Year: 2023
Paper: 3
Question Number: 4
Course: LFM Stats And Pure
Section: Binomial Theorem (positive integer n)
No solution available for this problem.
The total entry was a marginal increase on that of 2022 (by just over 1%). Two questions were attempted by more than 90% of candidates, another two by 80%, and another two by about two thirds. The least popular questions were attempted by more than a sixth of candidates. All the questions were perfectly answered by at least three candidates (but mostly more than this), with one being perfectly answered by eighty candidates. Very nearly 90% of candidates attempted no more than 7 questions. One general comment regarding all the questions is that candidates need to make sure that they read the question carefully, paying particular attention to command words such as "hence" and "show that".
Difficulty Rating: 1500.0
Difficulty Comparisons: 0
Banger Rating: 1500.0
Banger Comparisons: 0
Let $n$ be a positive integer. The polynomial $\mathrm{p}$ is defined by the identity
\[\mathrm{p}(\cos\theta) \equiv \cos\big((2n+1)\theta\big) + 1\,.\]
\begin{questionparts}
\item Show that
\[\cos\big((2n+1)\theta\big) = \sum_{r=0}^{n} \binom{2n+1}{2r} \cos^{2n+1-2r}\theta\,(\cos^2\theta - 1)^r\,.\]
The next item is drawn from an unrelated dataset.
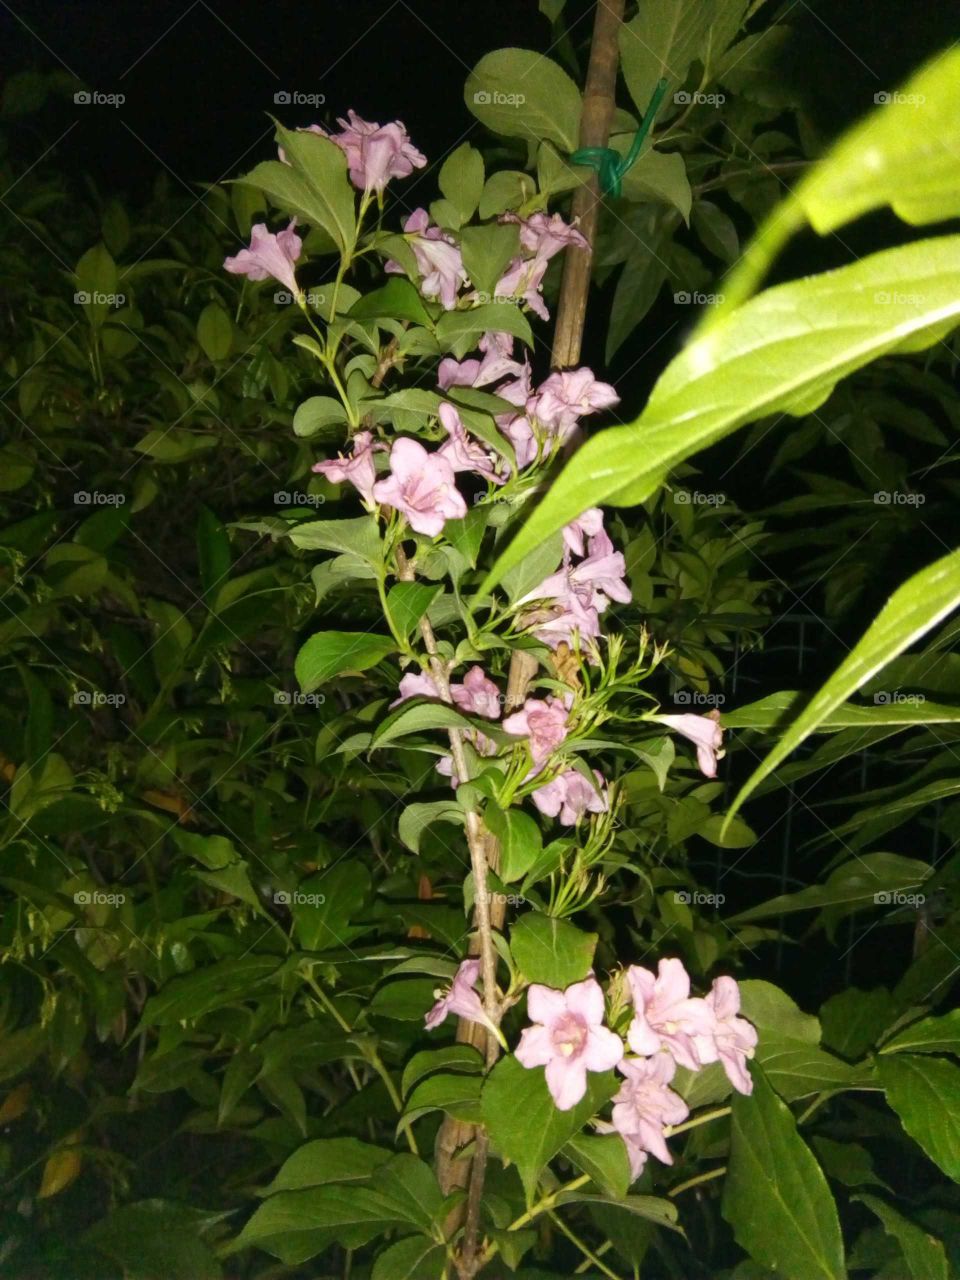 Flowers by night

\item By considering the expansion of $(1+t)^{2n+1}$ for suitable values of $t$, show that the coefficient of $x^{2n+1}$ in the polynomial $\mathrm{p}(x)$ is $2^{2n}$.
\item Show that the coefficient of $x^{2n-1}$ in the polynomial $\mathrm{p}(x)$ is $-(2n+1)2^{2n-2}$.
\item It is given that there exists a polynomial $\mathrm{q}$ such that
\[\mathrm{p}(x) = (x+1)\,[\mathrm{q}(x)]^2\]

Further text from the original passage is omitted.